Amy Hood : It's interesting. I would tell you most of the conversations do not start with where does the budget come from. I'm not trying to be dismissive of budgets. I love a budget, trust me. Really take great pride in budgeting.
But customer conversations tend to start with, "I'd like to grow faster. I'd like to win more. I'd like to better serve a customer. I'd like to improve customer stat. I'd like to reduce churn. I'd like to grow price. I'd like to retain margin." It's just not about cost in the way that the question is phrased. It's much more about, like, the problem to be solved, and the problem to be solved tends to take that language to it. The implementation is generally and can be Azure or Dynamics or Office 365 or security. It can be a bucket of goods to that problem. But it tends to not start there.

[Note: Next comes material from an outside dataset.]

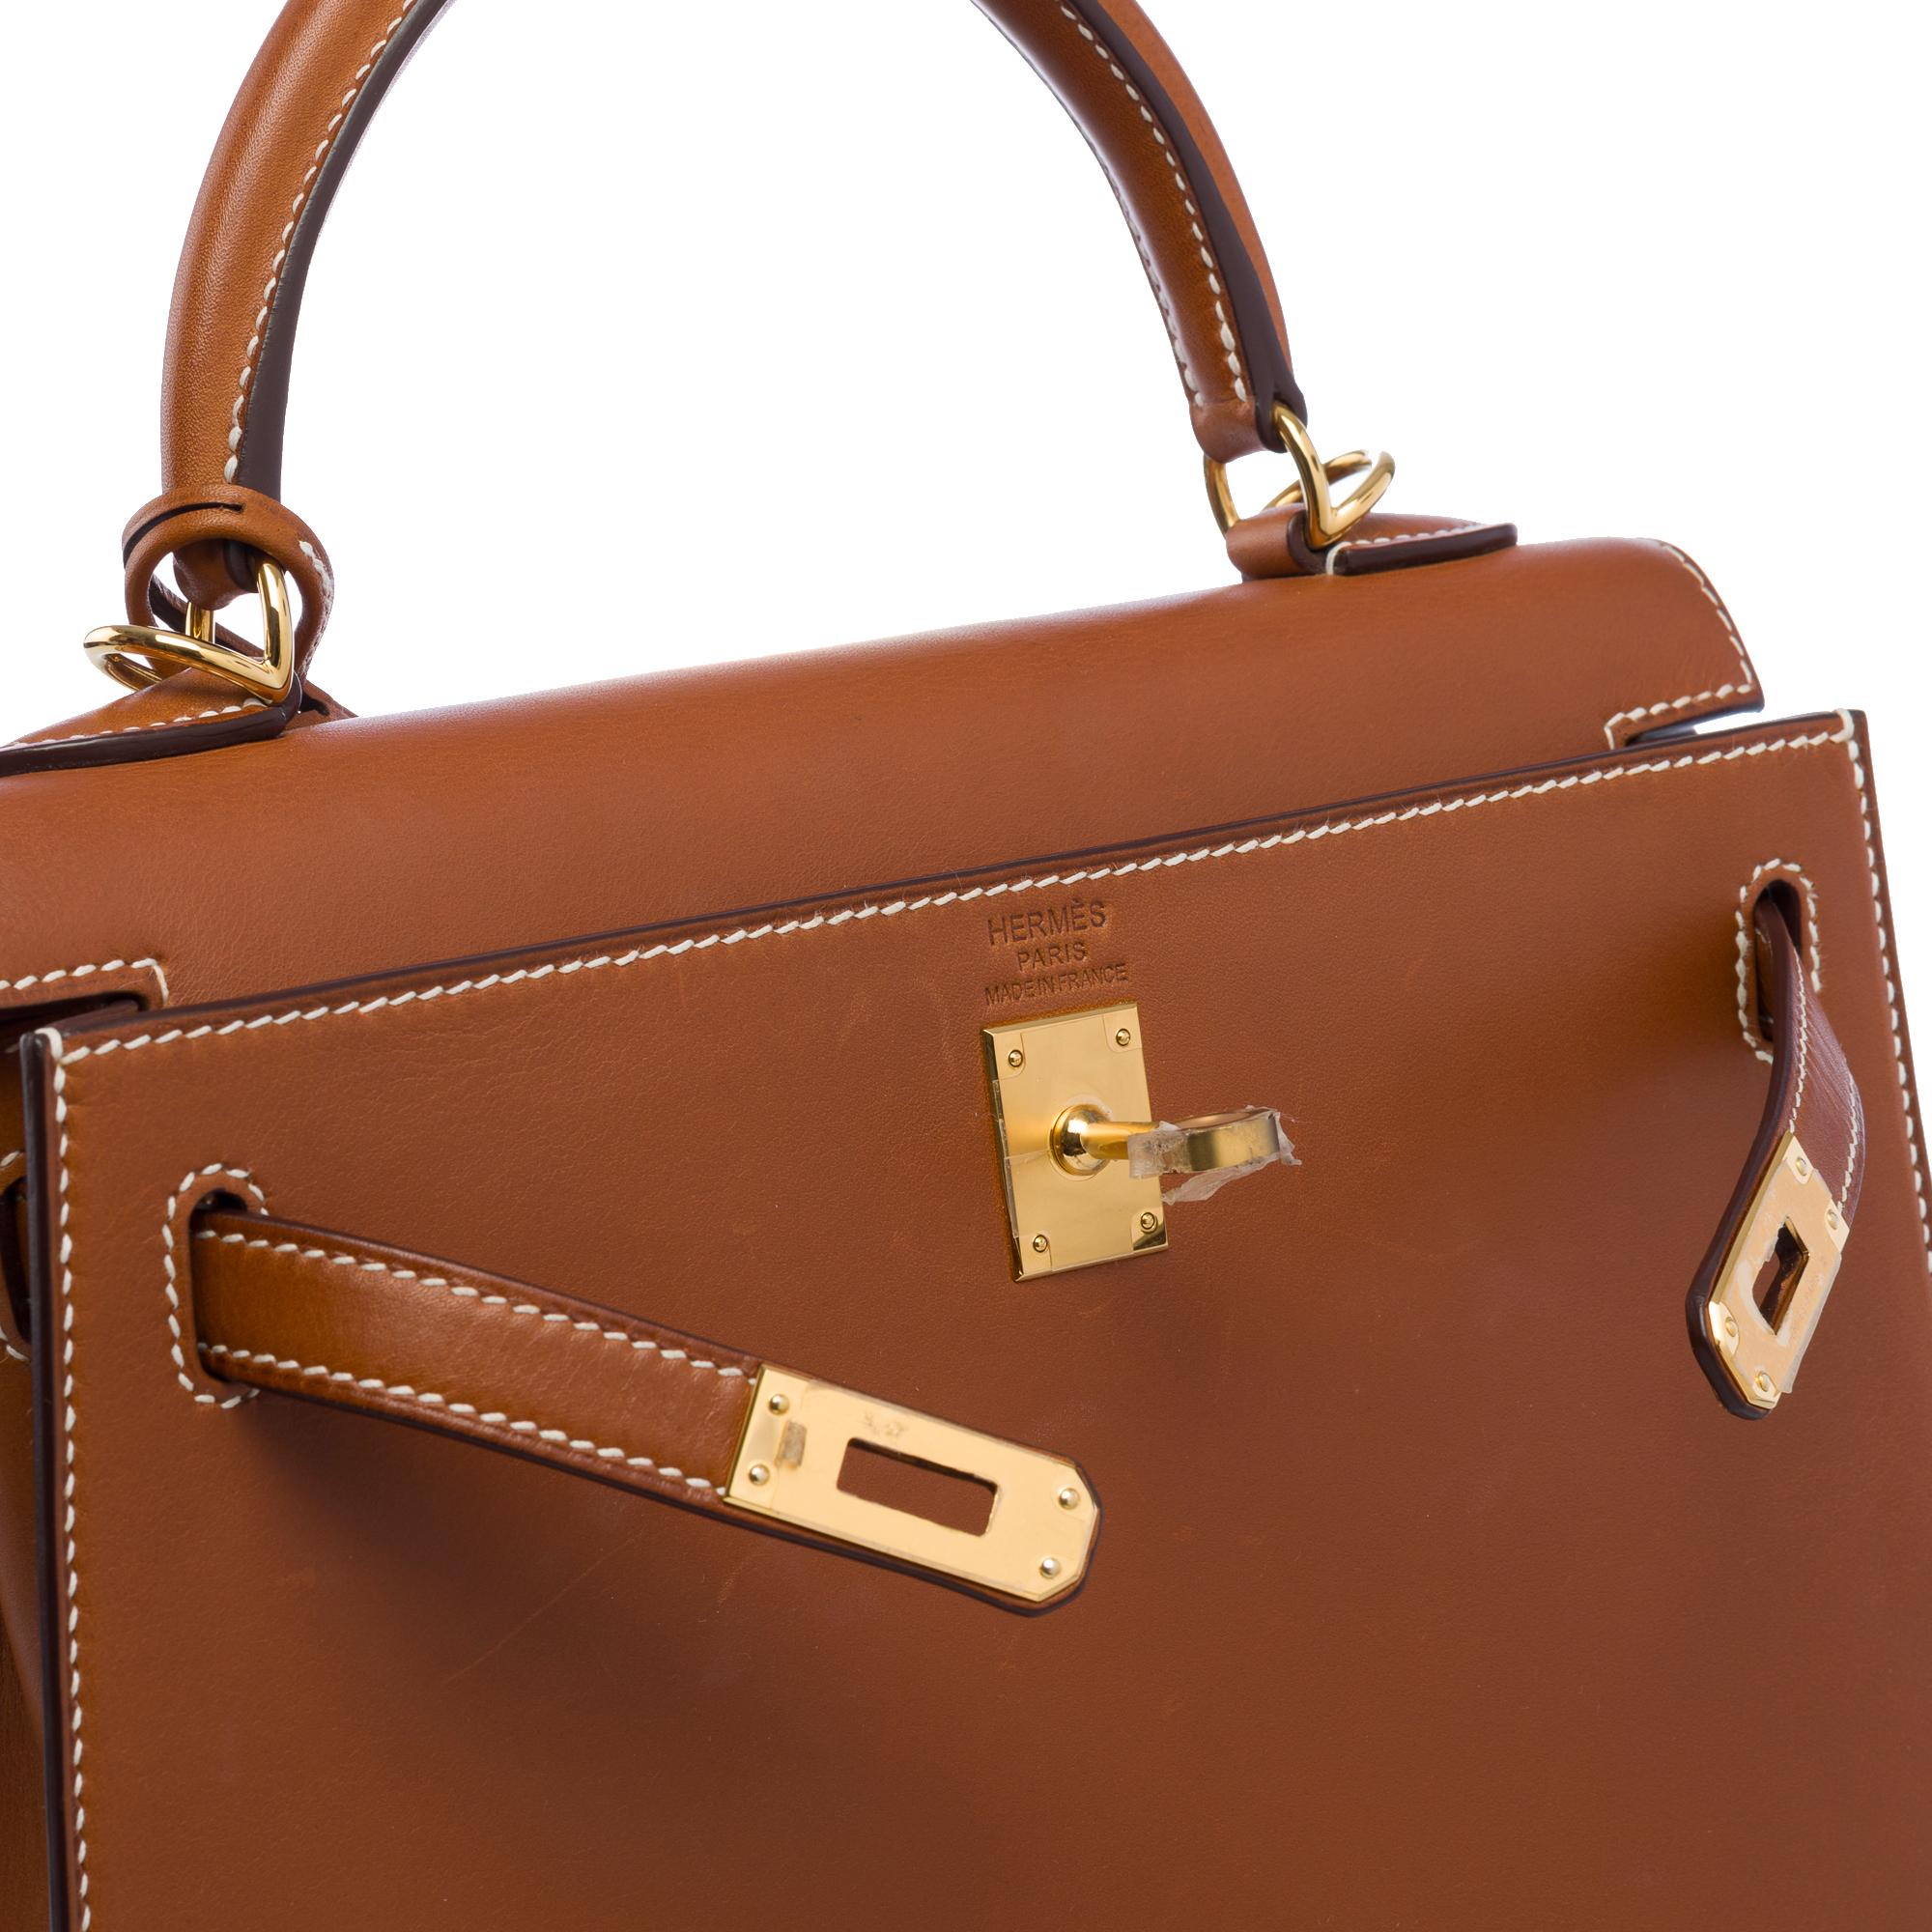 Very Rare Hermès Kelly 25 sellier handbag strap in Gold Barenia leather, GHW 3

And so, when people say, okay, well, how does it get paid for, it may be, to your point, replacement dollars, moving your budget priorities around. It may be that you say, gosh – if you can lower churn by half a point, that's a lot of top line growth to afford costs. And so, you get room. You get room in the system.
So, I feel like I would – I don't know that I've been in many conversations where that's been the energy of the room I'm in, but I'm sure that it lands somewhere ultimately. But it's much easier, I always say, to find money in your budget when the passion of the team is around growth. You can find the money, even if it's hard.
Keith Weiss : To me, it sounds like over the past four or five years, the conversations that Microsoft is having – and I'm assuming, like, the contracting behind that is shifting from being a technology provider to a more strategic relationship you're forming with these companies, like an Albertson's or a Ford, who are looking to really drive change in their business. Is the structure of the contract or the structure of that relationship today different than it was five years ago or 10 years ago when Microsoft was more of a technology provider?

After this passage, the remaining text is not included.